897 F.2d 530
Pauline WALBER d/b/a Walber Construction Co., Plaintiff-Appellant,
UNITED STATES DEPARTMENT OF HOUSING AND URBAN DEVELOPMENT,
Jack Kemp, Secretary, Defendant-Appellees.
United States Court of Appeals, Sixth Circuit.
March 5, 1990.
NOTICE: Sixth Circuit Rule 24(c) states that citation of unpublished dispositions is disfavored except for establishing res judicata, estoppel, or the law of the case and requires service of copies of cited unpublished dispositions of the Sixth Circuit.
Before KENNEDY and RALPH B. GUY, Jr., Circuit Judges and ENGEL, Senior Circuit Judge.

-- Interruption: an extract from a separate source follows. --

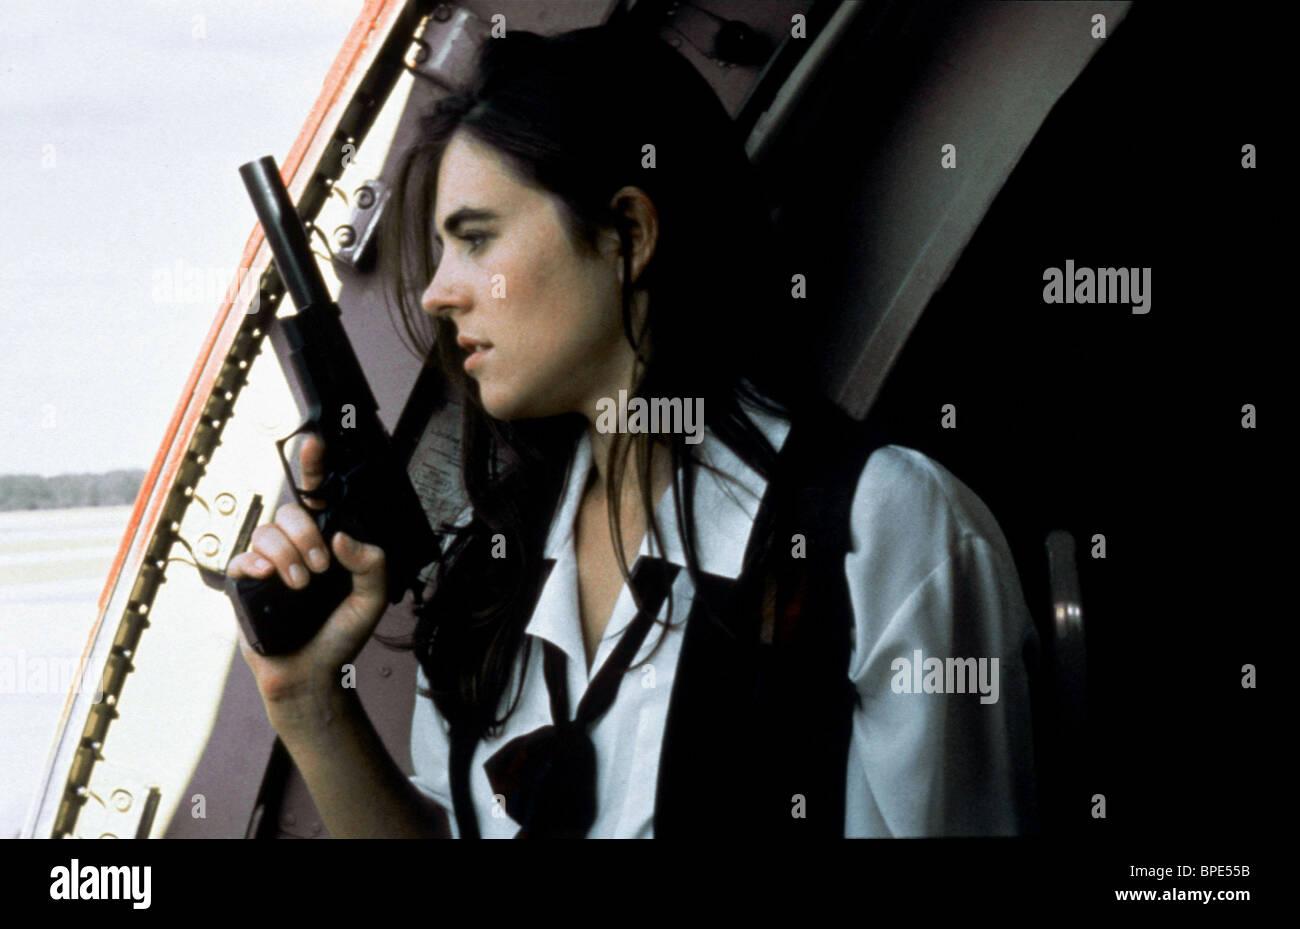 ELIZABETH HURLEY PASSENGER 57 (1992) - Stock Image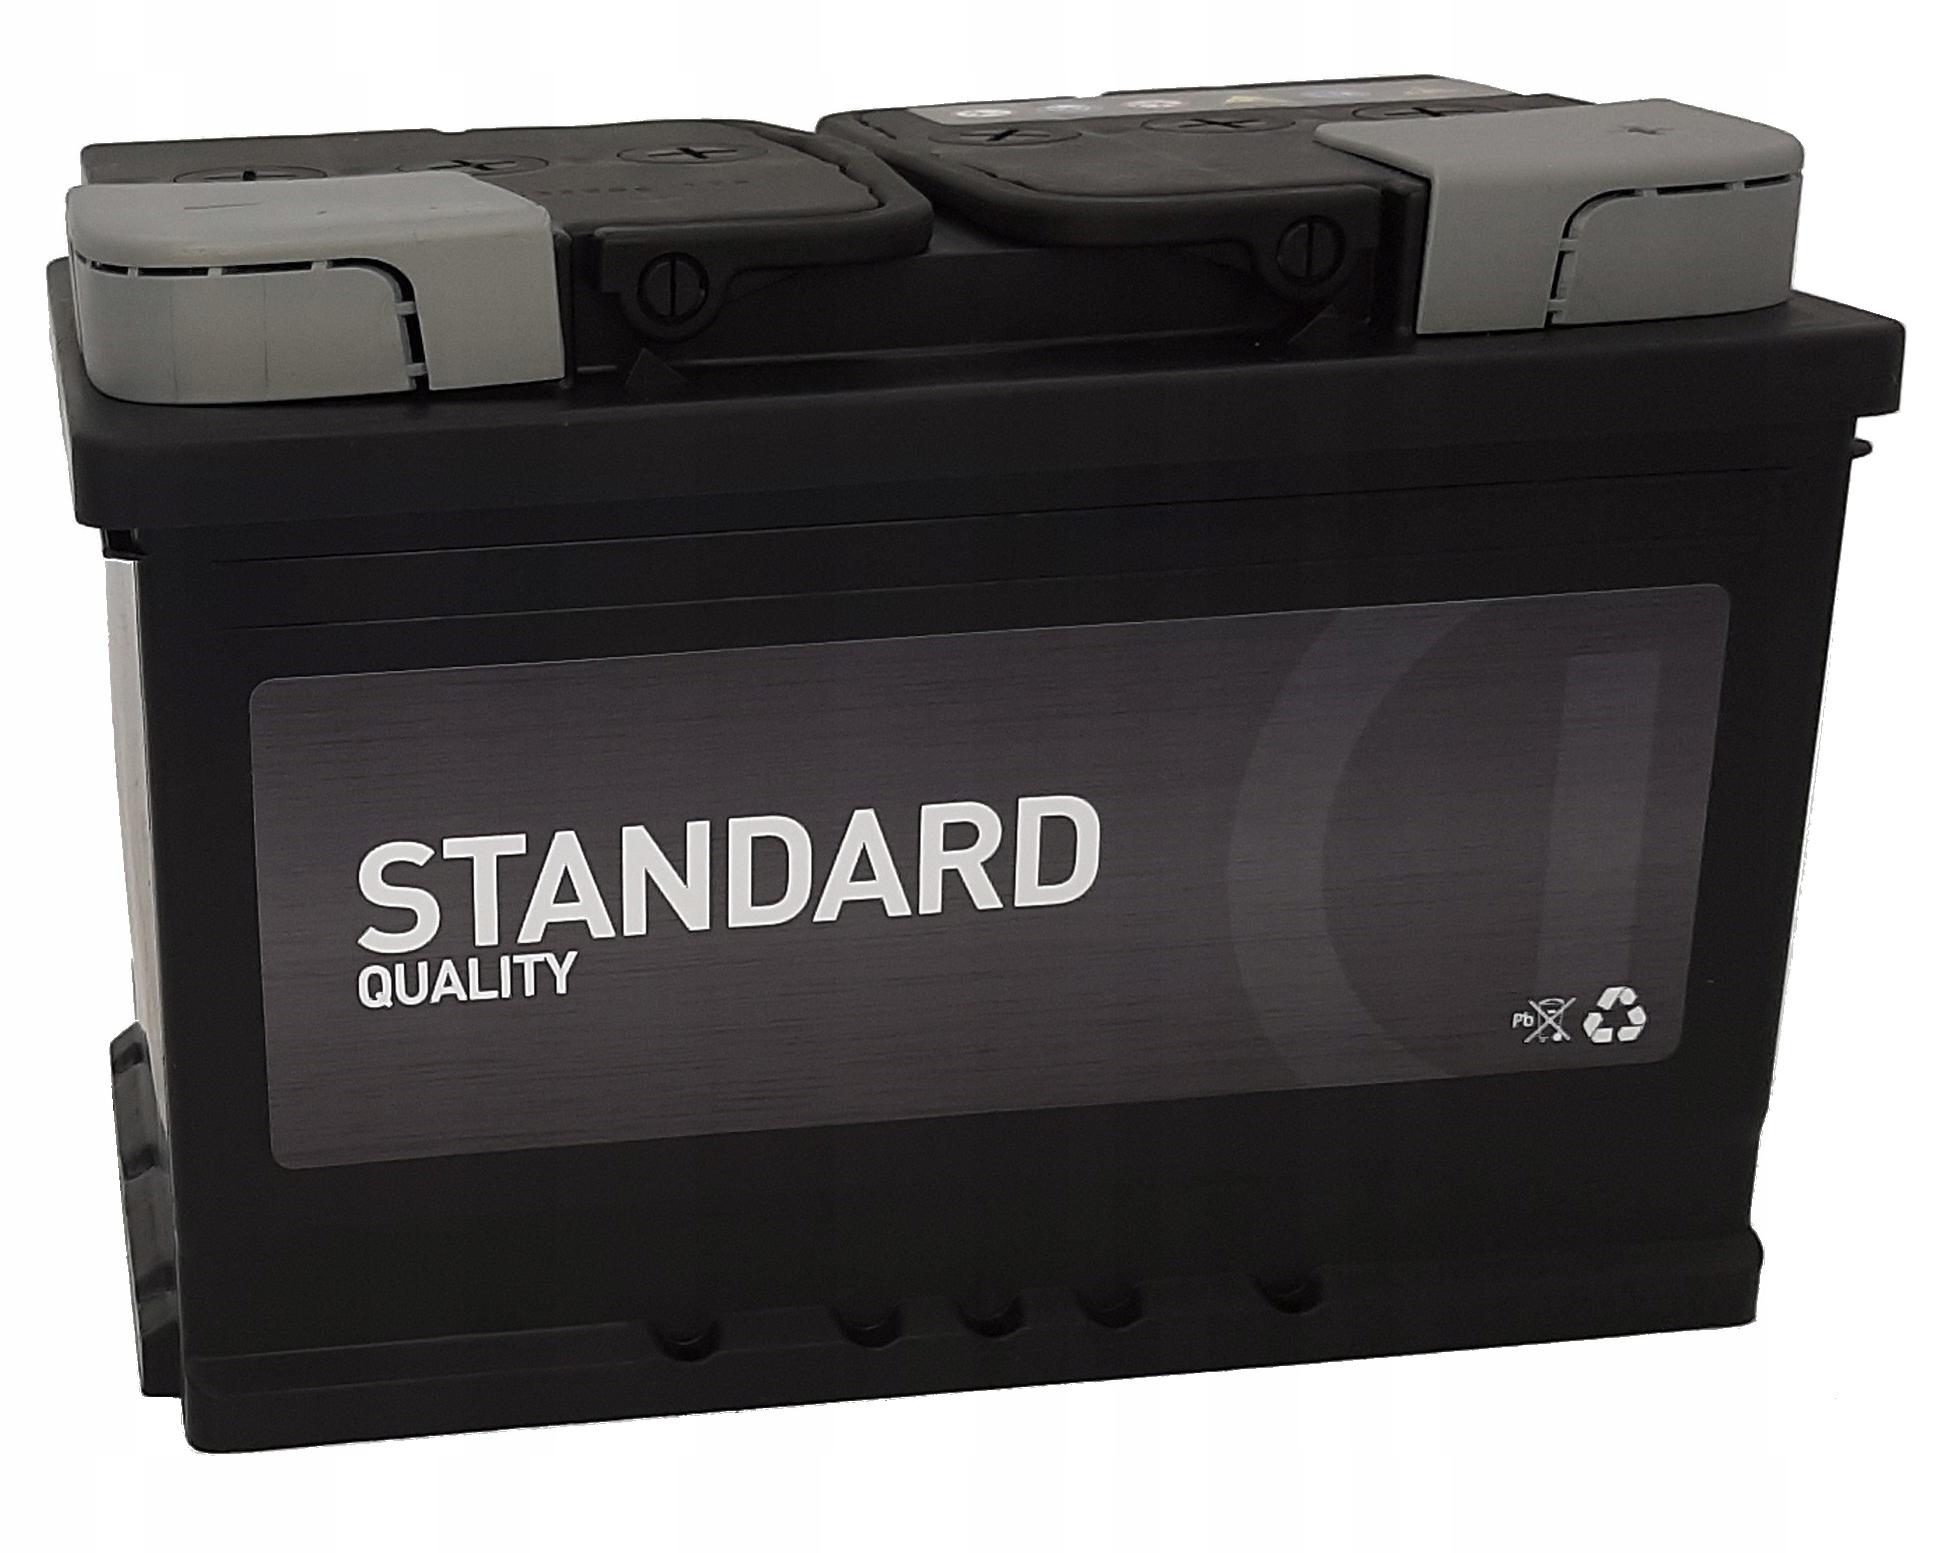 аккумулятор стандарт quality 12v 74ah 680a

The plaintiff, Pauline Walber, doing business as Walber Construction Company, appeals the dismissal of her sex discrimination, negligence, and contract claims against the United States Department of Housing and Urban Development (HUD). We agree with the district court that plaintiff's sex discrimination claims are barred by the doctrine of sovereign immunity, and that the Contract Disputes Act of 1979 (CDA), 41 U.S.C. Sec. 601, et seq., precludes the court from taking jurisdiction over the plaintiff's contract and negligence claims. Accordingly, we affirm.
This case stems from 11 separate contracts Walber entered into with HUD before March 1, 1979. The contracts were to repair and rehabilitate single-family homes in the Detroit area that HUD had acquired under its Federal Home Association insurance programs. Each contract has been the subject of prior proceedings before the HUD Board of Contract Appeals (HUDBCA), the United States Claims Court, and the Court of Appeals for the Federal Circuit.
On March 21, 1986, Walber filed the complaint in the instant case in the United States District Court for the Eastern District of Michigan.1 Count one of the complaint specifies that HUD denied plaintiff progress payments and paid her less than male contractors under the amended provisions of six completed contracts, solely because of her sex. In the second count, Walber asserts that HUD negligently failed to ensure that she would be provided with adequate specifications on these six contracts. Such negligence, she claims, resulted in her underbidding on the contracts, constituting a "deprivation of Plaintiff's Rights actionable under the Fourteenth Amendment to the United States Constitution." (App. 10). The third, fourth, and fifth counts of the complaint concern an additional set of five contracts entered into between Walber and HUD. In the third count, Walber asserts that HUD terminated these five contracts more than 60 days after awarding them to her, in violation of a "bond agreement" between the parties. Finally, counts four and five set forth quantum meruit and unjust enrichment theories of recovery for funds due on all eleven contracts.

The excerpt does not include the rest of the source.